Mathematical Problems in Engineering / 2020 / Article

Research Article | Open Access

Volume 2020 |Article ID 8953670 | https://doi.org/10.1155/2020/8953670

Juan Cheng, Fulin Wei, Yu Liu, Chang Li, Qiang Chen, Xun Chen, "Chinese Sign Language Recognition Based on DTW-Distance-Mapping Features", Mathematical Problems in Engineering, vol. 2020, Article ID 8953670, 13 pages, 2020. https://doi.org/10.1155/2020/8953670

Chinese Sign Language Recognition Based on DTW-Distance-Mapping Features

Academic Editor: Wanquan Liu
Received17 Dec 2019
Revised01 Jul 2020
Accepted09 Jul 2020
Published06 Aug 2020

Abstract

Sign language is an important communication tool between the deaf and the external world. As the number of the Chinese deaf accounts for 15% of the world, it is highly urgent to develop a Chinese sign language recognition (CSLR) system. Recently, a novel phonology- and radical-coded CSL, taking advantages of a limited and constant number of coded gestures, has been preliminarily verified to be feasible for practical CSLR systems. The keynote of this version of CSL is that the same coded gesture performed in different orientations has different meanings. In this paper, we mainly propose a novel two-stage feature representation method to effectively characterize the CSL gestures. First, an orientation-sensitive feature is extracted regarding the distances between the palm center and the key points of the hand contour. Second, the extracted features are transformed by a dynamic time warping- (DTW-) based feature mapping approach for better representation. Experimental results demonstrate the effectiveness of the proposed feature extraction and mapping approaches. The averaged classification accuracy of all the 39 types of CSL gestures acquired from 11 subjects exceeds 93% for all the adopted classifiers, achieving significant improvement compared to the scheme without DTW-distance-mapping.

1. Introduction

Sign language (SL), a structured form of hand gestures, is the combination of various signs, hand movements, or body and facial expressions to deliver information. The motivation of SL recognition (SLR) is to provide a translation system to bridge the communication between the deaf and the healthy hearing society. From the literatures, cameras, data gloves, accelerometers (ACCs), and surface electromyography (sEMG) sensors are some common acquisition devices to capture gesture signals [13]. Currently, many SLs have been studied worldwide for the purpose of recognition, typically as American SLs, Australian SLs, Arabic SLs, Greek SLs, Korean SLs, and Chinese SLs (CSLs) [47]. According to the global estimates on prevalence of hearing loss provided by WHO, about 360 million people of such kind are in the world, among whom approximately one-fifth are Chinese [8]. Thereby, it is urgent to develop a practical and effective CSL recognition (CSLR) framework.

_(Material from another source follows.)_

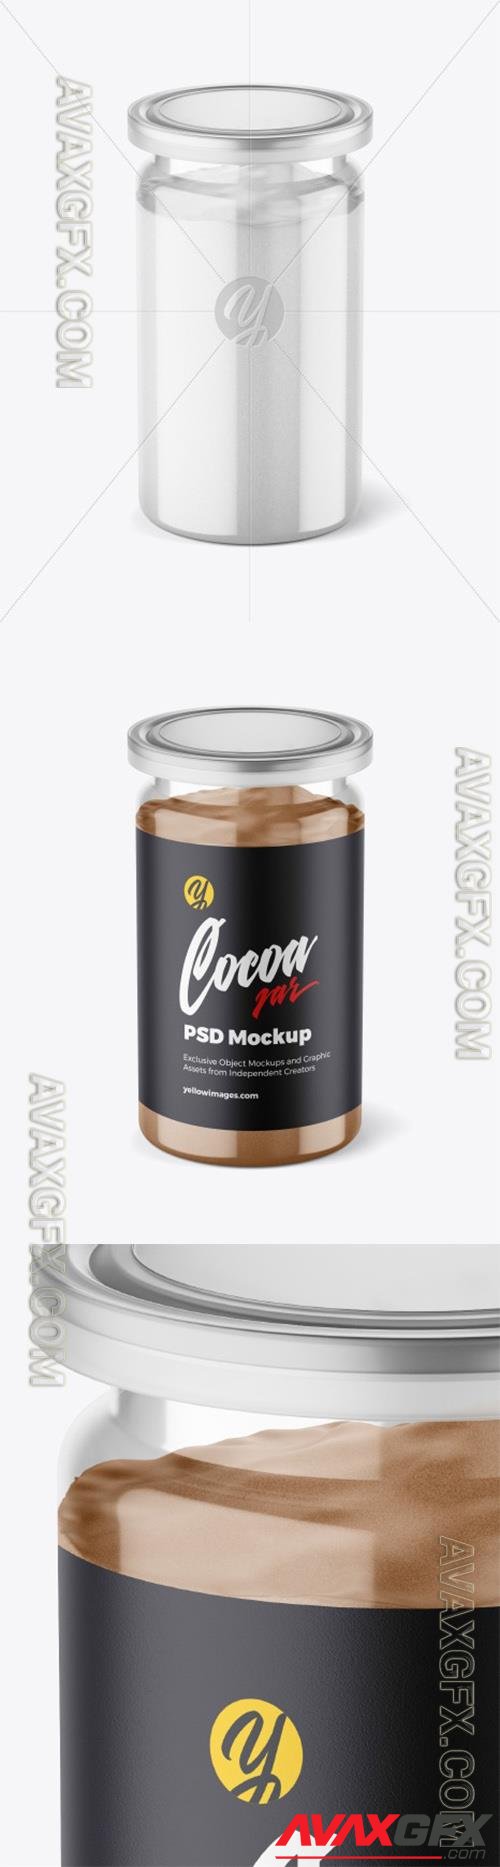 Jar with Cocoa Powder Mockup 46783 TIF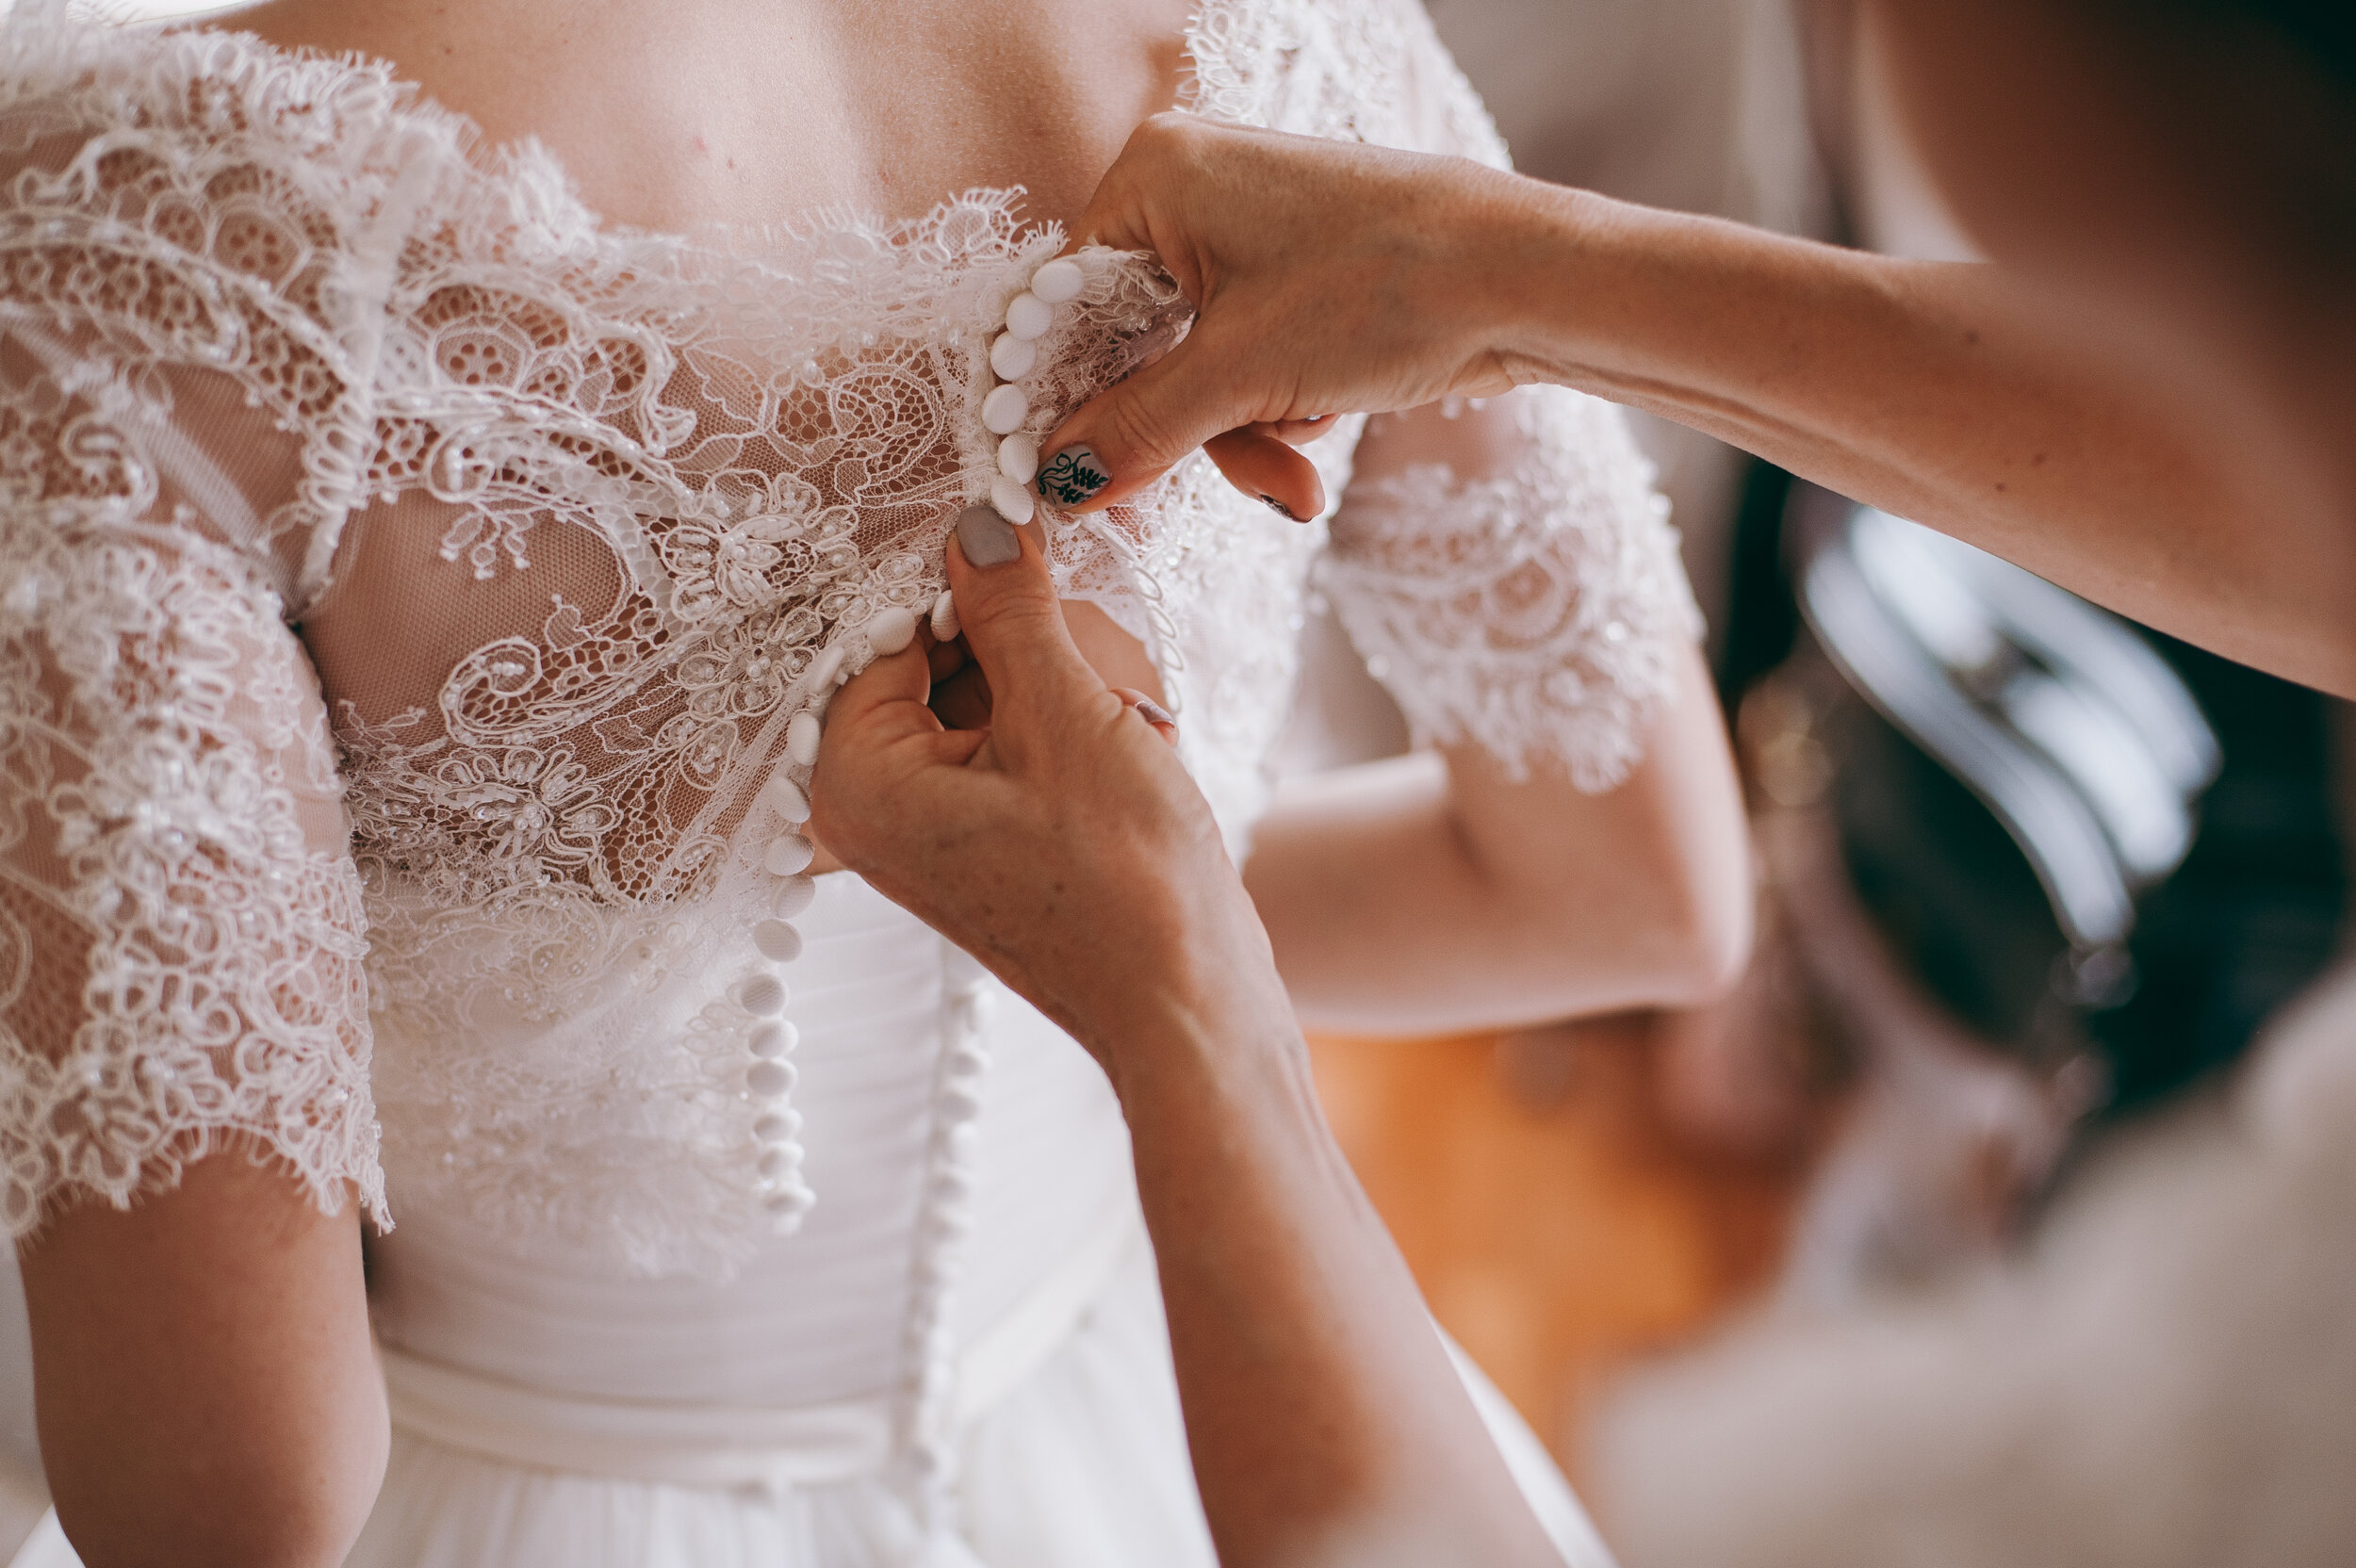 Fashionable Bridesmaids Dresses Helped Wear Bow On Back Of Weddi

In the past decades, researchers have proposed various solutions to improve the performance of CSLR [9, 10]. For instance, Fang et al. employed data-gloves as input devices and designed a CSLR system based on a hierarchical decision tree, which could recognize 5113-isolated-sign vocabulary with accuracy rates of 91.6% and 83.7% for the registered and unregistered sets, respectively [2]. Li et al. [3] proposed an automatic component-level CSLR framework using the combined information from both ACC and sEMG signals. The overall classification results were 96.5% and 86.7% for a vocabulary of 12 0 signs and for 200 sentences, respectively. Later, Ma et al. employed a probabilistic model, hidden conditional random field (HCRF), to recognize CSLs based on sEMG and ACC signals. The average recognition rate was 91.51% for 120 high-frequency CSL words [11]. In 2015, Zhang et al. proposed a new system for both isolated and continuous CSLR based on video data. For isolated CSLR, the histogram of oriented displacement (HOD) was used to describe the trajectories, while the multi-SVM was adopted for classification. As for continuous CSLR, a dynamic programming method with warping templates obtained by DTW was adopted. The averaged accuracies of 450 phrases and 180 sentences were 88.0% and 85.2%, better than those obtained by HMMs, as well as CRF and its advanced techniques [12]. By considering the typical posture and motion simultaneously, Wang et al. proposed a sparse observation representation approach for CSLR, yielding better performance than traditional DTW and HMMs [13]. Besides the CSLR systems with traditional machine learning frameworks, there are a lot of studies employing advanced deep learning techniques [9, 1416]. For instance, Yang and Zhu proposed a CSLR system based on convolutional neural networks using video data [15]. In [9], Huang et al. delivered a novel sequence-to-sequence learning method based on keyframe centered clips (KCCs) for isolated CSLR. The CSL sequence learning was realized by establishing an encoder-decoder using a long short-term memory (LSTM) network, achieving an average accuracy of 91.18% for 310 CSL words. Xiao et al. adopted a dual LSTM combined with a couple conditional HMM to fuse hand and skeleton sequence information to recognize continuous CSLs using RGB-D data [16].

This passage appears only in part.